Statements

BY

Overview of the BY Statement

Orders the output according to the BY groups.
BY <DESCENDING> variable-1
<… <DESCENDING> variable-n>
<NOTSORTED>;

Required Arguments

variable
specifies the variable that the procedure uses to form BY groups. You can specify more than one variable. If you do not use the NOTSORTED option in the BY statement, then either the observations in the data set must be sorted by all the variables that you specify, or they must be indexed appropriately. Variables in a BY statement are called BY variables.

Optional Arguments

DESCENDING
specifies that the observations are sorted in descending order by the variable that immediately follows the word DESCENDING in the BY statement.
NOTSORTED
specifies that observations are not necessarily sorted in alphabetic or numeric order. The observations are grouped in another way (for example, chronological order).
The requirement for ordering or indexing observations according to the values of BY variables is suspended for BY-group processing when you use the NOTSORTED option. In fact, the procedure does not use an index if you specify NOTSORTED. The procedure defines a BY group as a set of contiguous observations that have the same values for all BY variables. If observations with the same values for the BY variables are not contiguous, then the procedure treats each contiguous set as a separate BY group.
You cannot use the NOTSORTED option in a PROC SORT step.
Note: You cannot use the GROUPFORMAT option, which is available in the BY statement in a DATA step, in a BY statement in any PROC step.

BY-Group Processing

Procedures create output for each BY group. For example, the elementary statistics procedures and the scoring procedures perform separate analyses for each BY group. The reporting procedures produce a report for each BY group.
Note: All Base SAS procedures except PROC PRINT process BY groups independently. PROC PRINT can report the number of observations in each BY group as well as the number of observations in all BY groups. Similarly, PROC PRINT can sum numeric variables in each BY group and across all BY groups.
You can use only one BY statement in each PROC step. When you use a BY statement, the procedure expects an input data set that is sorted by the order of the BY variables or one that has an appropriate index. If your input data set does not meet these criteria, then an error occurs. Either sort it with the SORT procedure or create an appropriate index on the BY variables.
Depending on the order of your data, you might need to use the NOTSORTED or DESCENDING option in the BY statement in the PROC step.
  • For more information about the BY statement, see SAS Statements: Reference.
  • For more information about PROC SORT, see SORT Procedure.
  • For more information about creating indexes, see INDEX CREATE Statement.

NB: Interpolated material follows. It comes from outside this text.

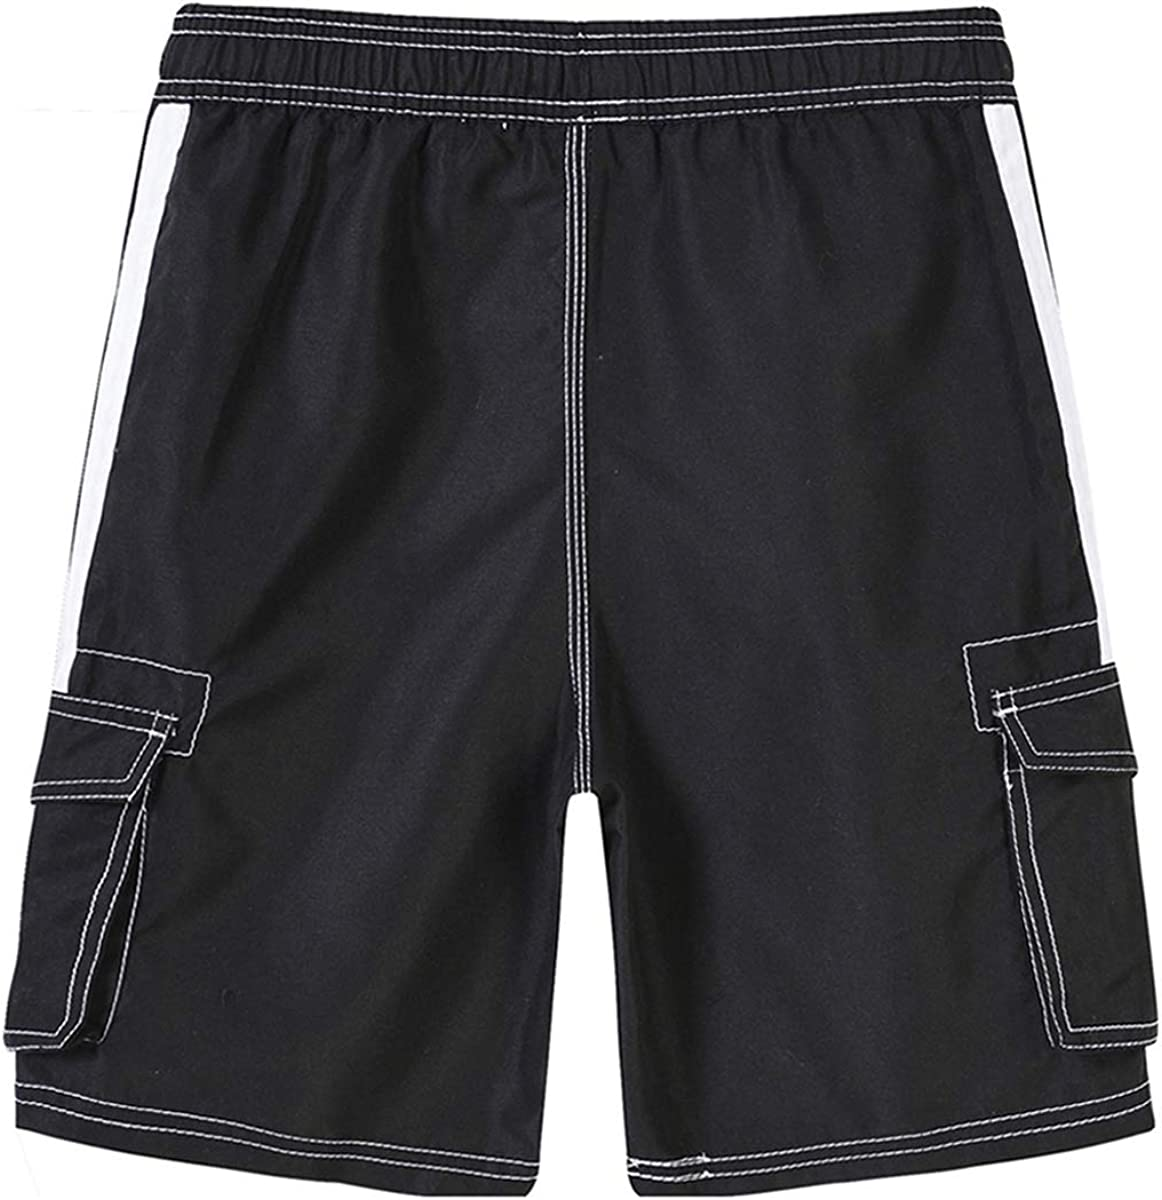 Akula Boys Quick Dry Swim Trunks Beach Board Shorts with Mesh Lining

Formatting BY-Variable Values

When a procedure is submitted with a BY statement, the following actions are taken with respect to processing of BY groups:
  1. The procedure determines whether the data is sorted by the internal (unformatted) values of the BY variable(s).
  2. The procedure determines whether a format has been applied to the BY variable(s). If the BY variable is numeric and has no user-applied format, then the BEST12. format is applied for the purpose of BY-group processing.
  3. The procedure continues adding observations to the current BY group until both the internal and the formatted values of the BY variable or variables change.
This process can have unexpected results if, for example, nonconsecutive internal BY values share the same formatted value. In this case, the formatted value is represented in different BY groups. Alternatively, if different consecutive internal BY values share the same formatted value, then these observations are grouped into the same BY group.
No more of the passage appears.